I am using milestone levelling for my players. So almost impossible to tell, how much time will it take for levelling up.
Until now we have played 16 days ingame over 7 session with ~6 hours gaming time and my players leveled up from 1 to 4. Will take probably 2-3 more sessions for level 5, which can be anything from a couple of days up to some weeks ingame, depending on what the players are going to do.
It is going to vary based on the rules the DM uses and the kinds of challenges you face.
5e is a much faster pace than older editions (something it carried over from 4e or maybe 3/3.5e). I haven't played older editions, but some things I've heard was turns were much longer than 6 seconds and short and long rests were a day and week respectively, not 1-8 hours.
Low levels could reasonably level up every day or 2 depending on encounters, higher levels would take longer but could still be every few weeks (given that could be as many as 14 medium-hard encounters a week).

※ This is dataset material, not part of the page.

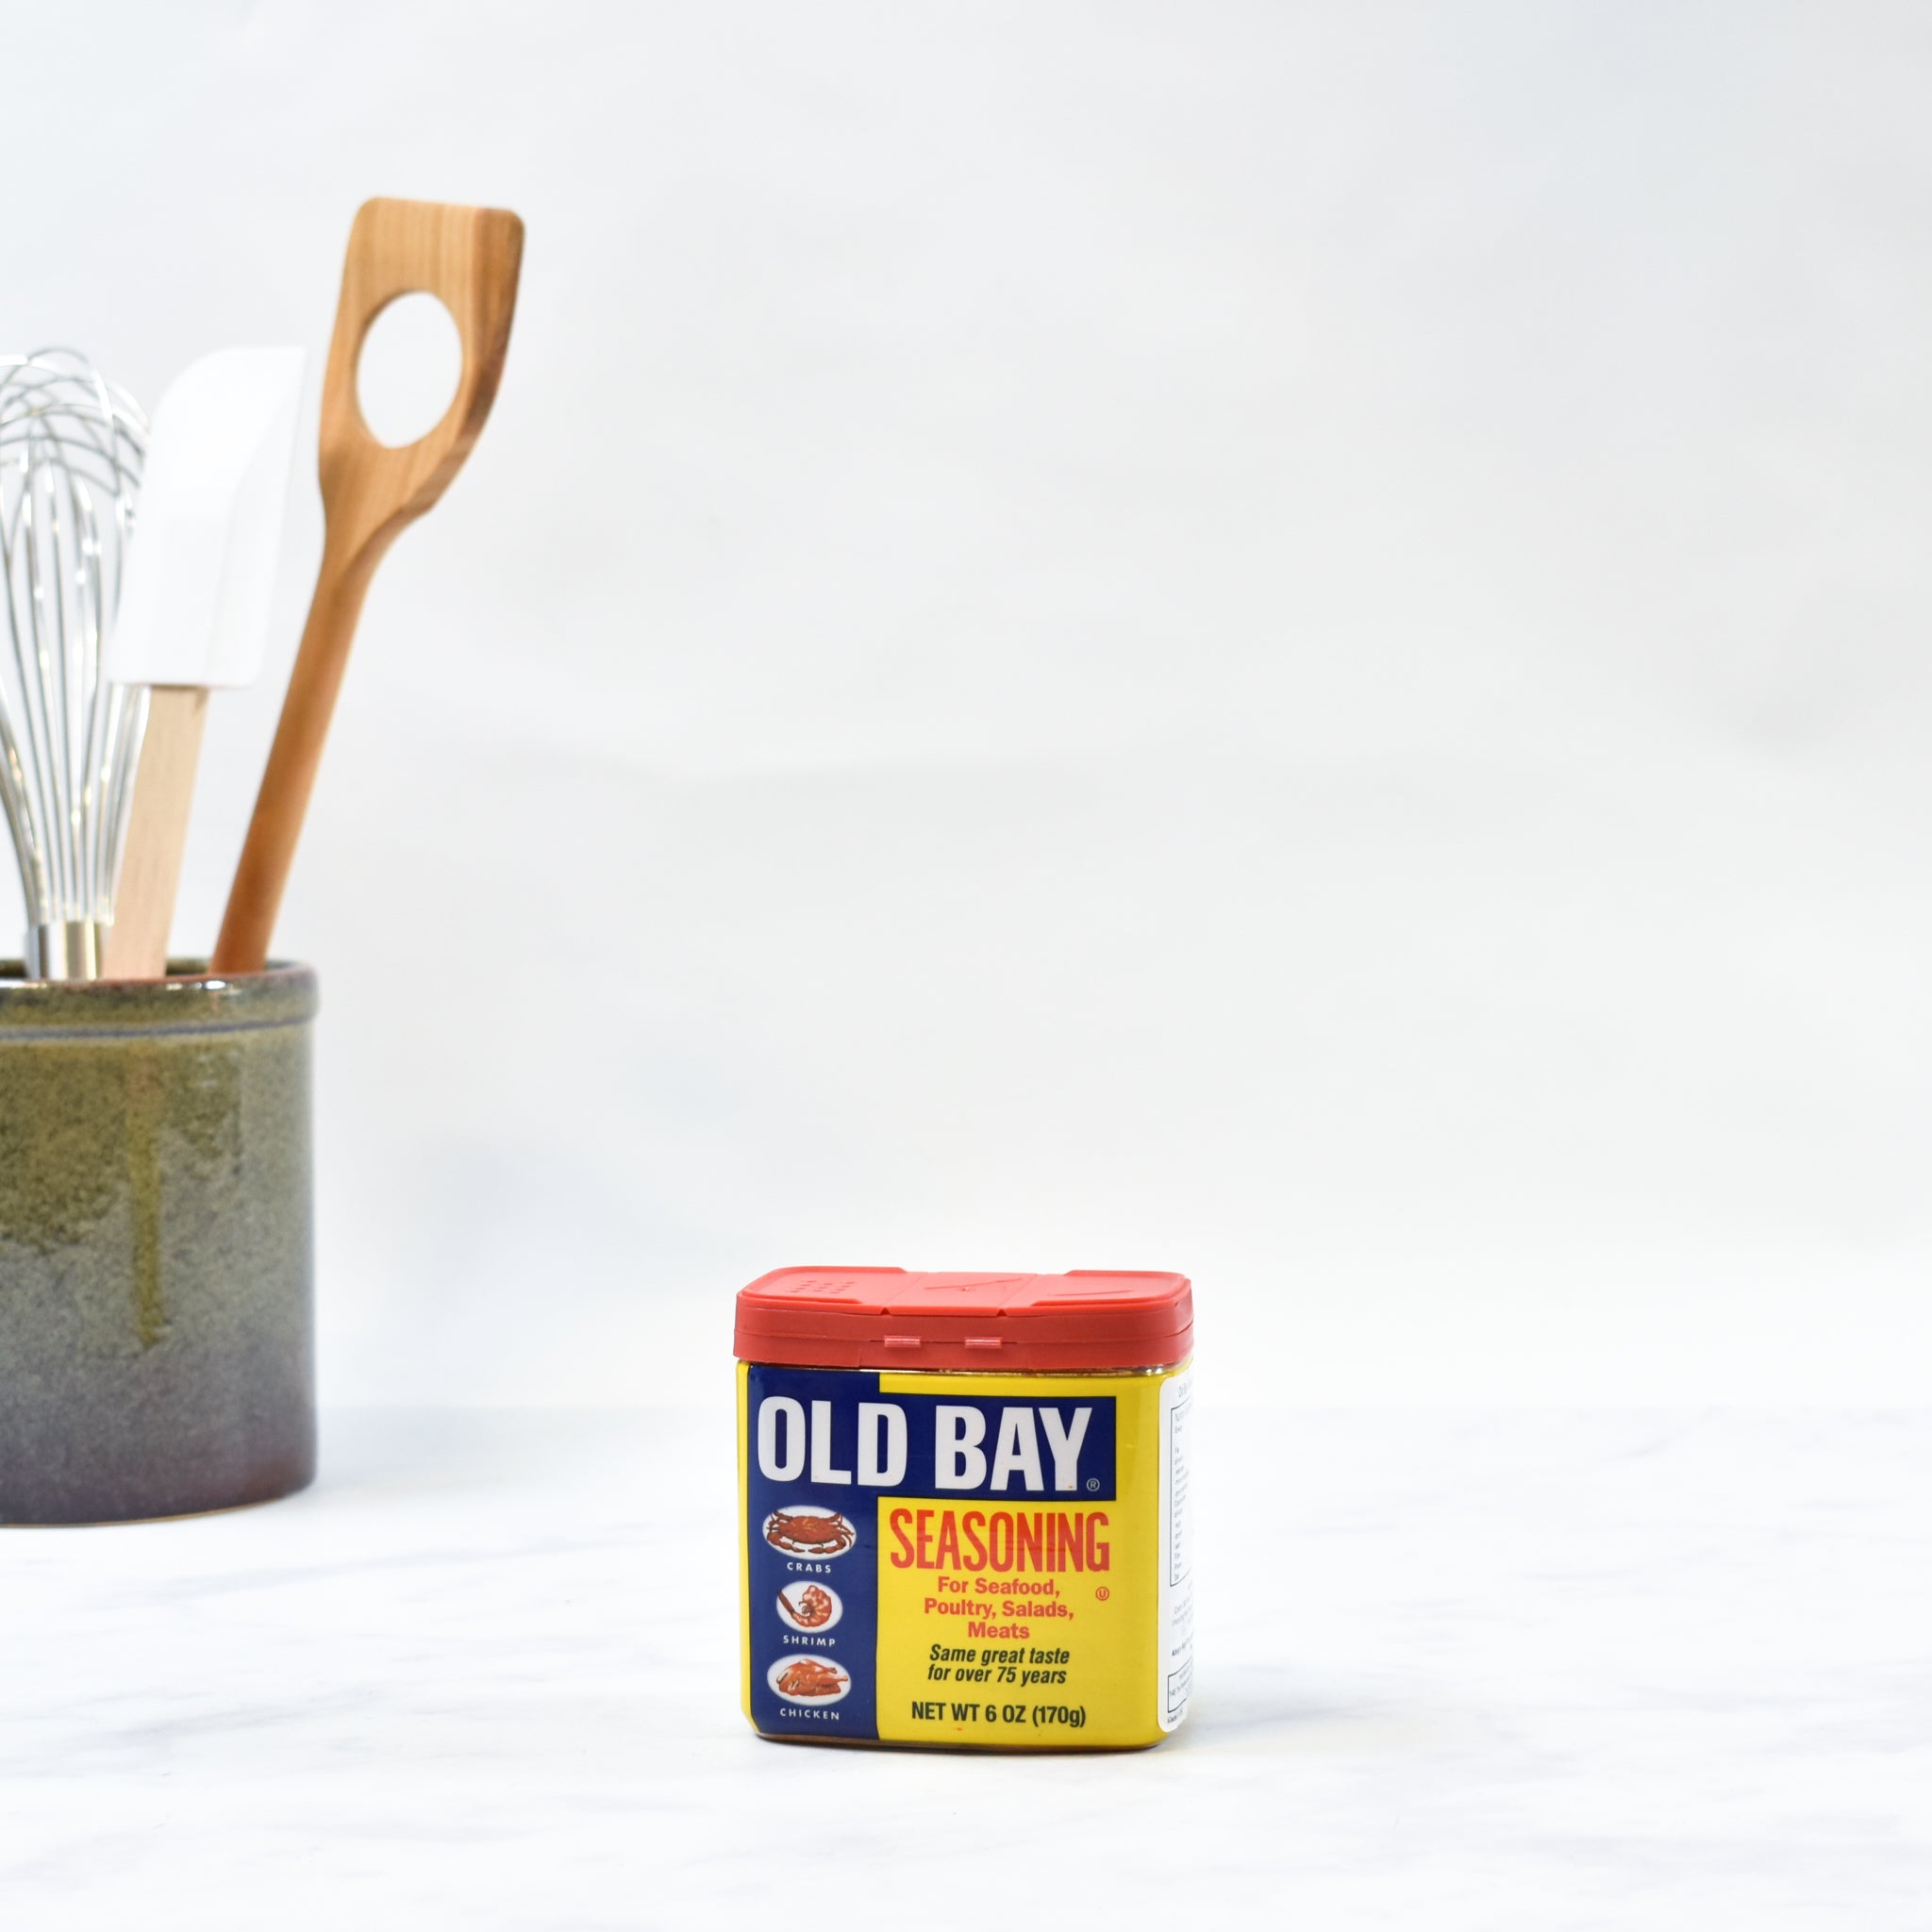 Old Bay Seasoning 170g

As DJC says, resting makes the biggest difference in time, imo. Now with full hp after 8 hours, its really easy to take a long rest and go out again. in 1e, iirc, it was 1hp per day you recovered, non-magically, and maybe there was something about it being 2 per day if it was a comfortable bed as opposed to camping. So it was common to need a week or two between heading out into the dungeon again at low levels. I think the difference in play ends up being kind of negligible, since we didn't exactly role play the two weeks in town, just more like said, we spend two weeks in town and now lets go. In theory, there was more time for characters to bond and do things in town, but in reality, we didn't. (at least that was my experience. I'm sure it was different for others.)
In a non-stop door-kicking campaign with full adventuring days with average combat encounters, I think 1-20 takes somewhere between 30-40 days, depending on if you allow players to level up mid-day or not.

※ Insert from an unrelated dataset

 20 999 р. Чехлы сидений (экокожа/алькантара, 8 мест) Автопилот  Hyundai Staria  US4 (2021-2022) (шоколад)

That can be sped up by throwing incredibly tough encounters at players, but realistically I think most parties would go slower than that because their campaign has some semblance of pacing. There are things like travel, downtime, information gathering, and just general roleplaying that will often result in a slower leveling speed.
I get that in 5e its alot more variable than the previous editions, but how do you guys work out the way you pace things? do you prefer the sprint or the crawl or a mix at different points?
I try and make tier 1 play last a season in game, I make the other tiers last progressively long, tier 2 is 1 level per year in-game, tier 3 is 2-3 years per level and tier 4 is 5 years per level. I usually work something in for the shorter lived races to stay alive if they game gets into tier 4 play and its needed.
My group used the gritty realism rest rules so a short rest is 8 hours and a long rest is 7 days for health, abilities and spell slots recharge as normal. When someone levels they have to seek out training to gain new class abilities or ASI/Feats.
As with most things in life, there is a Top-Down approach (Narrative), and a Bottom-Up approach (Empirical).
For the Top-Down approach, start with your expectations for the group.
How long do you want the campaign to last?
How well can your players delay gratification?
What level range do you intend to play through?
Do you want growth to be linear or logarithmic?
etc...
Crunch those numbers and build a roadmap for yourself. Plan you encounters accordingly.
For the Bottom-Up approach, start with World Building.
What are your world demographics?
Are your players inherently powerful, or do they need to train like everyone else?
Are you going to use traditional rest rules, or use a variant rule to increase the difficulty?
Will your NPCs behave rationally? (Call reinforcements, flee, use their environment, learn from past experience...)
etc...
For this, there isn't much pacing to do. Your characters exist within a world, and they'll choose their own risk/reward ratio.
Generally speaking, any story should have ebbs and flows, otherwise it will get boring.